Many DP problems have very distinct patterns that give the solver clues about what to memoize or DP on. For example, recently in one of the team’s practice competitions there was a problem where you had to figure out the minimum number of days that you could assign several different allergens for testing (see problem statement). An allergen can be assigned at 8am every morning and symptoms for the allergen can be detected by 8pm at night. However, if there is more than one allergen in the body, you can’t uniquely identify the allergen causing the issue. Different allergens take different numbers of days to work their way out of a body, maximum of 8 days. You have to figure out how to assign the allergens (at most 20) such that all of them are detected, but such that the total number of days is minimized.
Let’s take a simple example. Consider allergens that take 1, 2, 3 and 7 days. One solution could be to assign the allergen that takes 7 days first, then the one that takes 3, then 2, and finally 1. So, the first allergen is assigned and detected the first day. We can’t assign the second allergen until the 6th day, and it will be detected the 8th day. Now we can assign the allergen taking 2 days, wait for it to run its course, and finally assign the last allergen. The total number of days is 11.
Alternatively, we could assign the allergen taking 2 days first, then the 7, 3, and 1, which only takes 10 days.
Just looking at the problem, it’s tempting to perhaps try greedy, but as you can see from the simple example I just went over, it’s not going to work. The other hint that greedy is probably the wrong approach is that there’s only 20 allergens. If greedy worked, there could be 100 or perhaps 1000 allergens.

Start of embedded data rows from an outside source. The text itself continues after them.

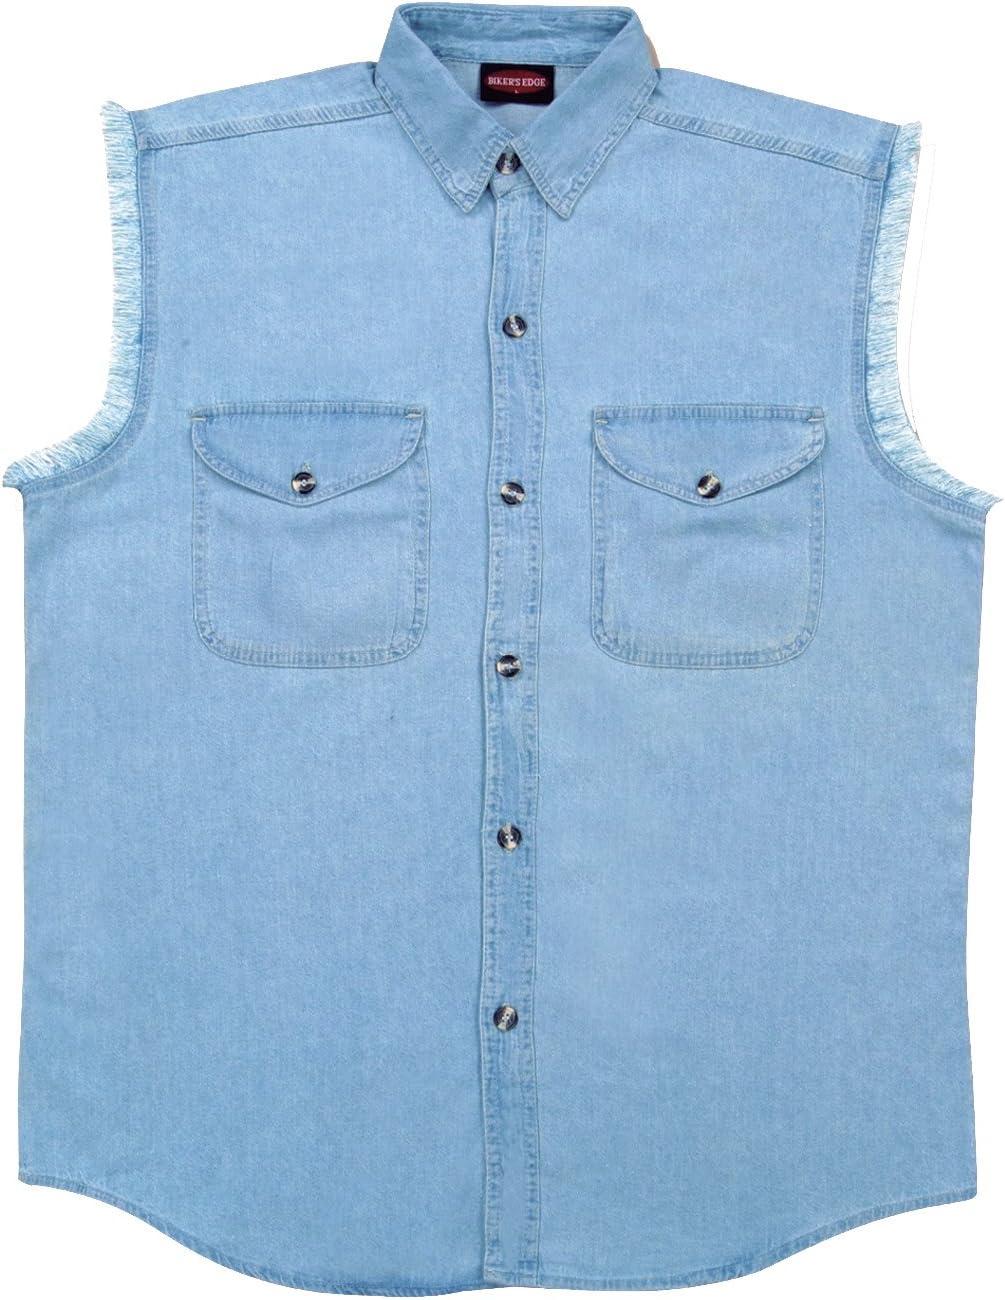 Milwaukee Performance DM1001-LBLU-S Mens Denim Sleeveless Shirt Light Blue Small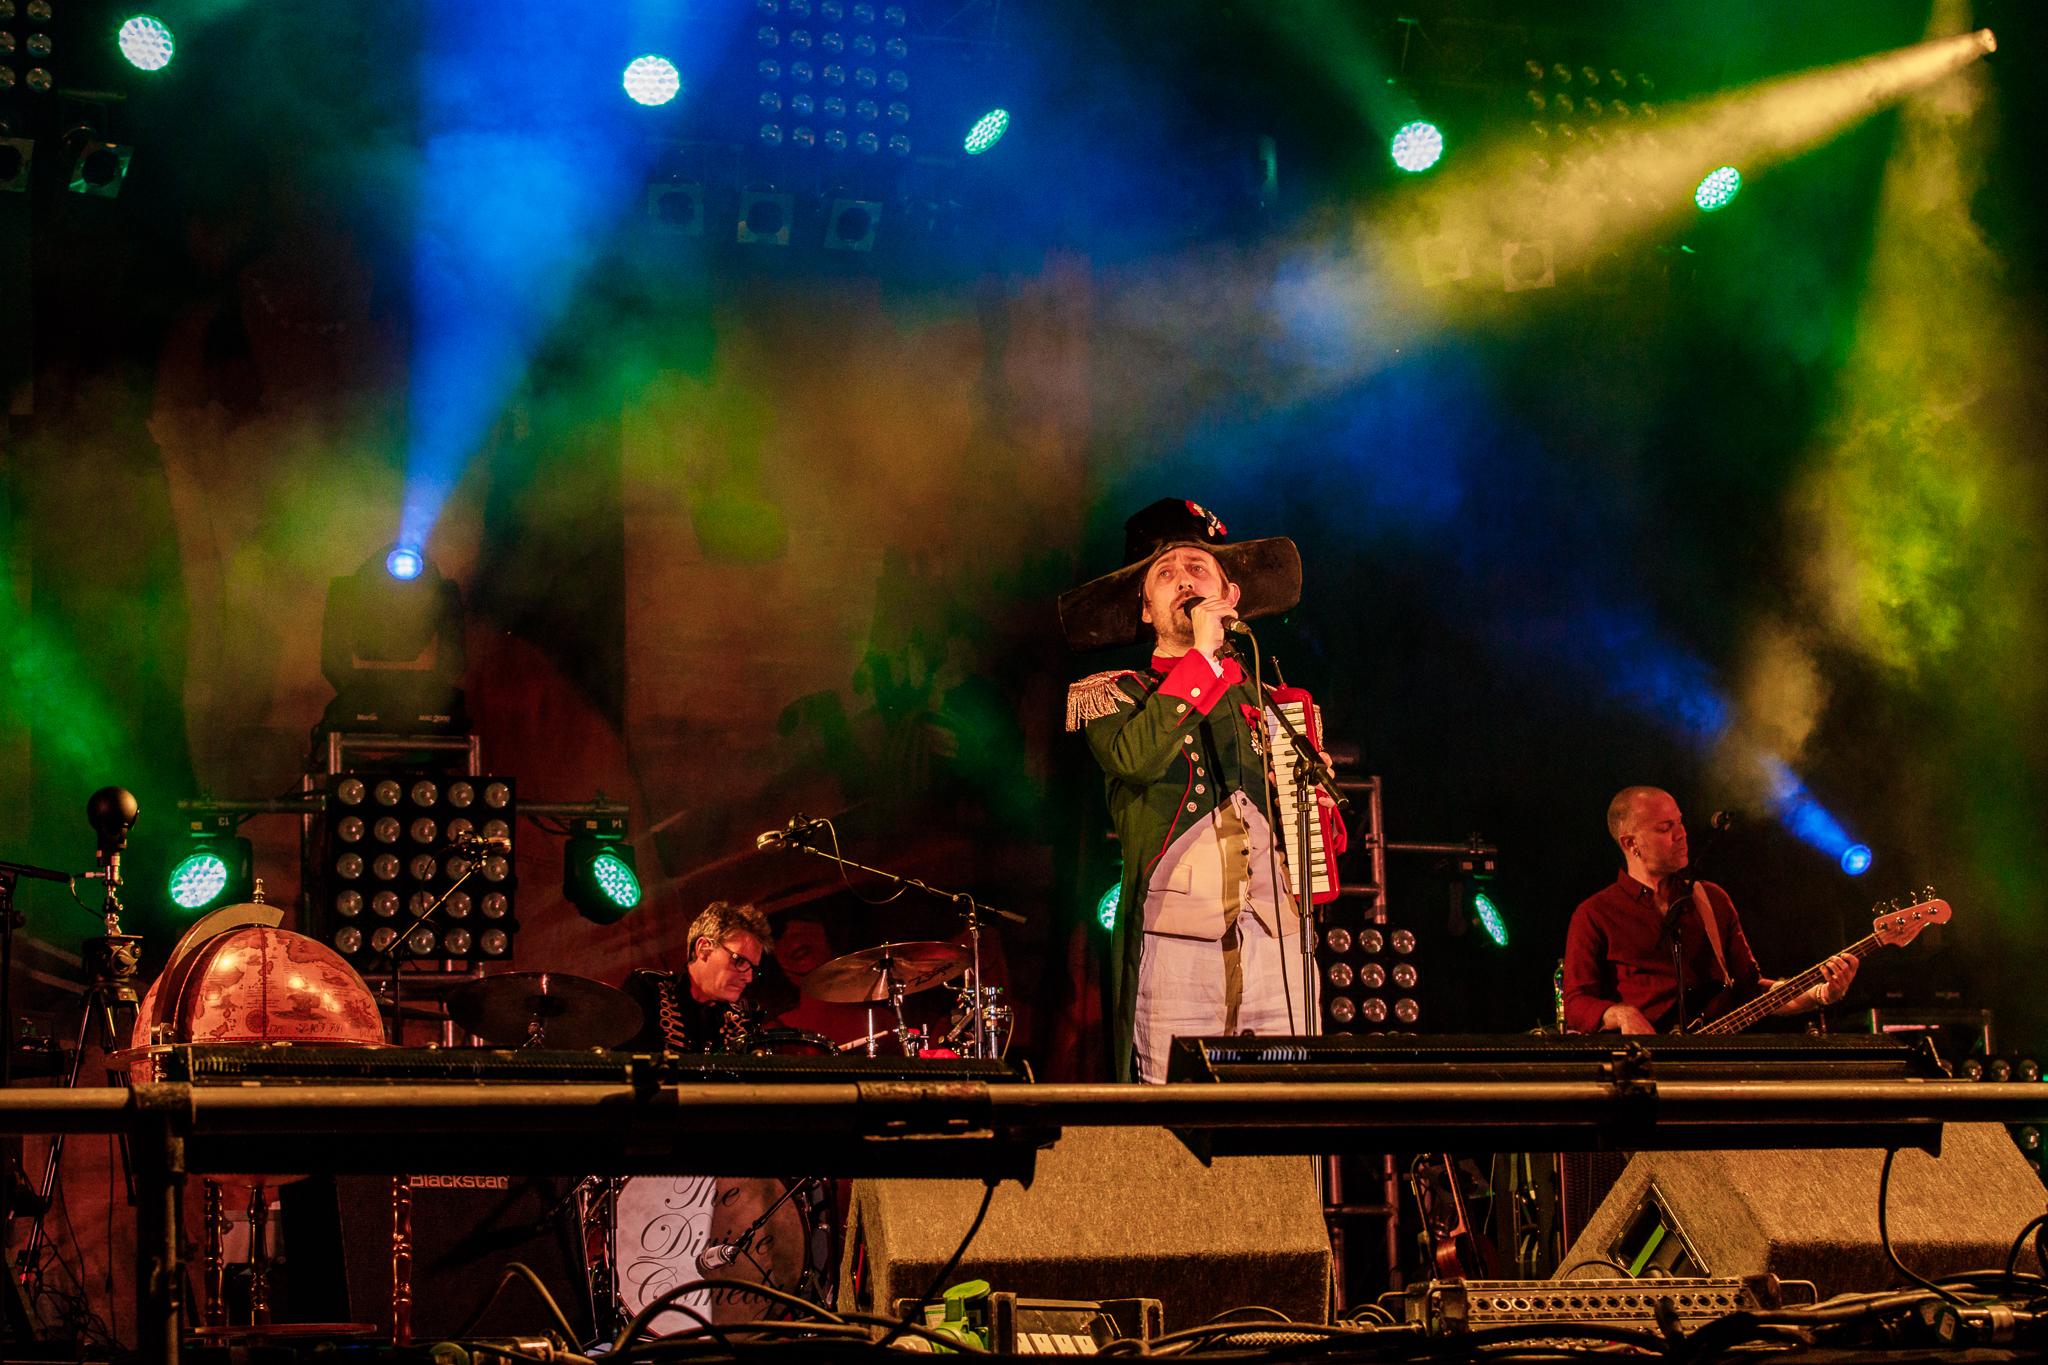 The Divine Comedy at Fairport's Cropredy Convention (photo by Matt Condon / @arcane93)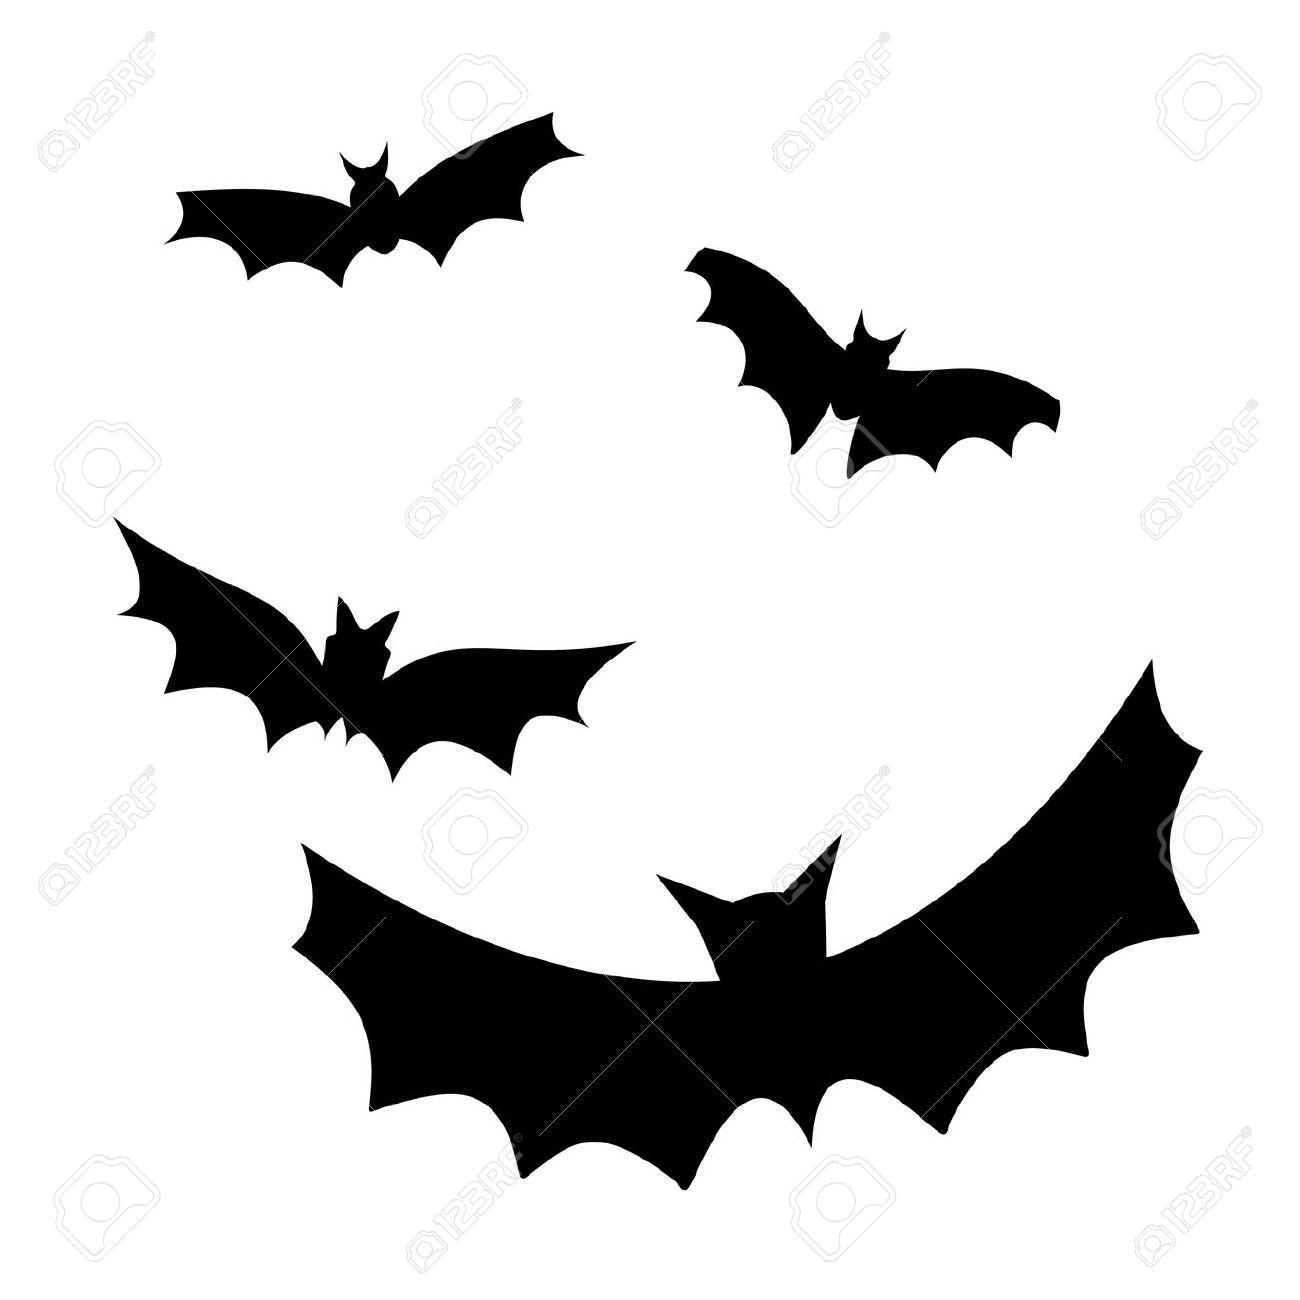 A Picture Of A Cartoon Bat cartoon pictures of bats   free download best cartoon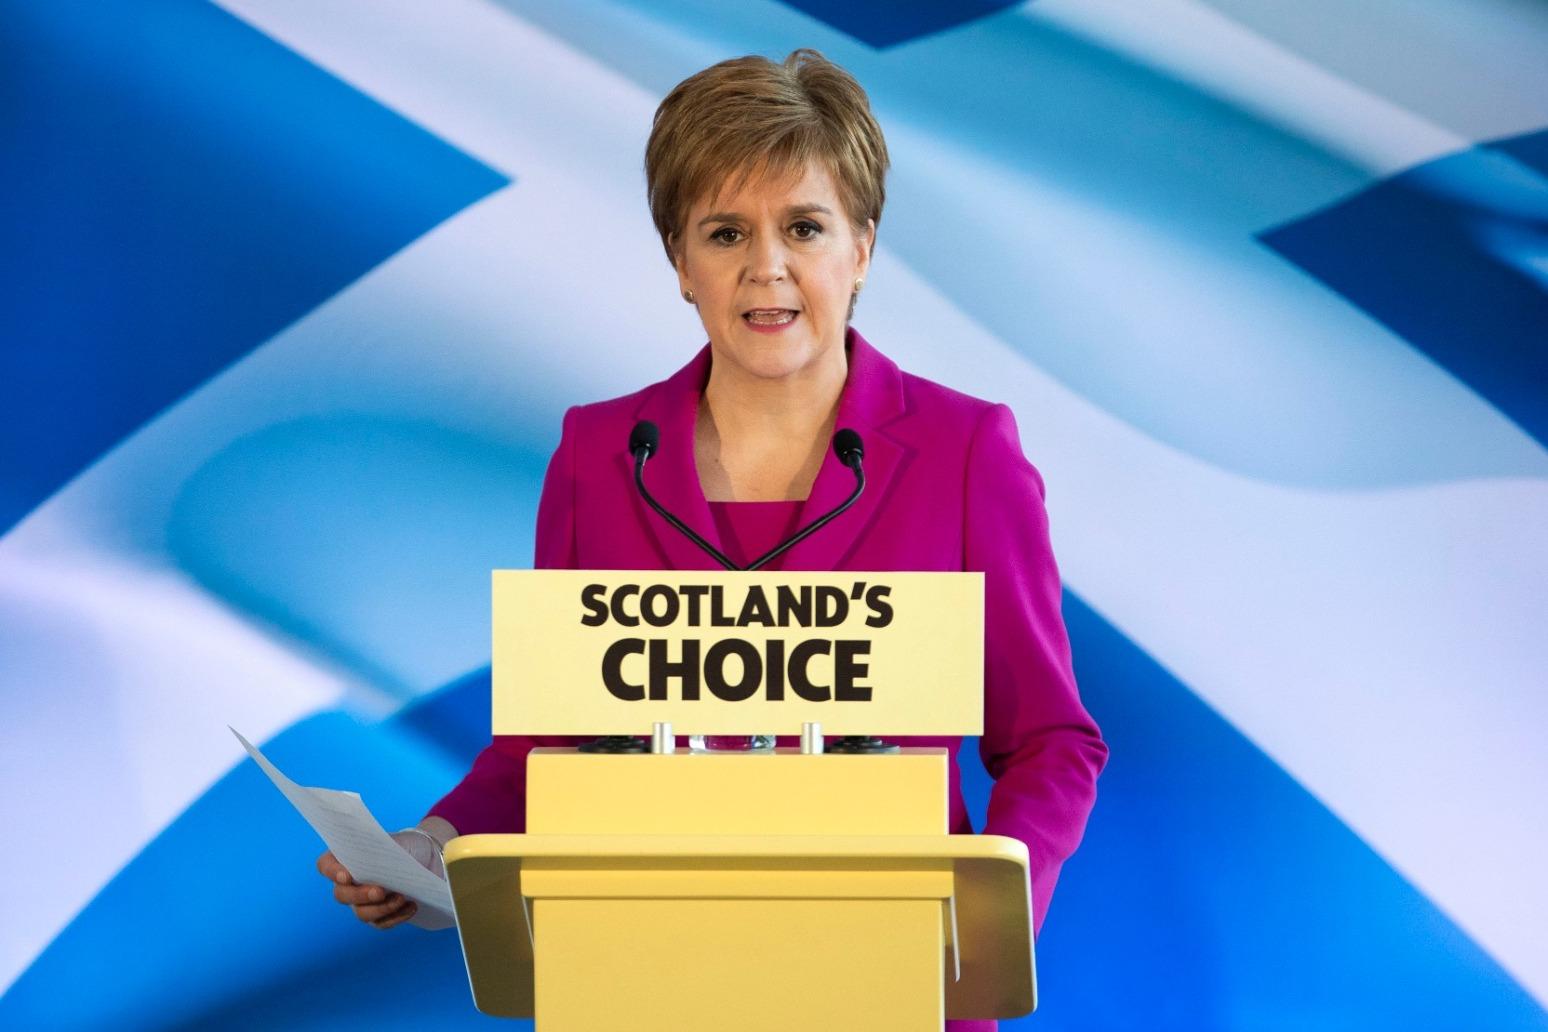 NICOLA STURGEON WARNS \'DEMOCRACY WILL PREVAIL\' AS SHE DEMANDS INDYREF2

The fact that it’s a minimization problem and that there are only 20 allergens are big hints that DP is the way to go. Furthermore, 20 is a curiously small number, which gives us a hint about a potential parameter to DP on. For DP, we want to compute optimal sub-problems and use those to figure out the solution to the whole problem. The sub-problem here is the minimum number of days for the assignment of X allergens. We can represent all allergen assignments in binary, where a number like 100101 means we’ve assigned the first, third, and last allergen so far.
When we apply a new allergen to an existing solution, we need to know how many new days we are adding to the existing solution. The only information we need in order to solve this problem is to know how many days in the existing solution the last applied allergen is active for. Together with our allergen assignments and the number of days the last applied allergen is active for, we can represent any potential solution. The solution would look something like the following (initialization code is not shown):
// allergens, D[0] is the number of days allergen 0 is active for
int D[21];
// DP array, all assignments by days last allergen is active
int M[1<<20+1][8];
// number of allergens in the current case
int k;
// try all possible allergen assignments
for(int i = 1; i < (1 << k); i++){
// try assigning allergen j
for(int j = 0; j < k; j++) {
// only try j if it's not in the solution
if(i&(1<<j)){
// try all days active options
for(int n = 0; n < 8; n++) {
// days active for j
int days_active = max(D[j] - n - 1, 0);
// solution without j
int t = i ^ (1 << j);
// keep track of best answer
M[i][days_active] = min(M[i][days_active],
M[t][n] + days_active);
}
}
}
}
All the best solutions involving all allergens will be stored at M[1<<20-1][i] for i=0 up to i=8. You simply need to take the minimum one as your answer.
There are many problems that can be solved similarly. If you do enough of these DP problems, you start to see the tricks faster. I find sometimes drawing out the call tree or drawing out dependencies between sub-problems as a graph can be an effective means for seeing the overlap between sub-problems.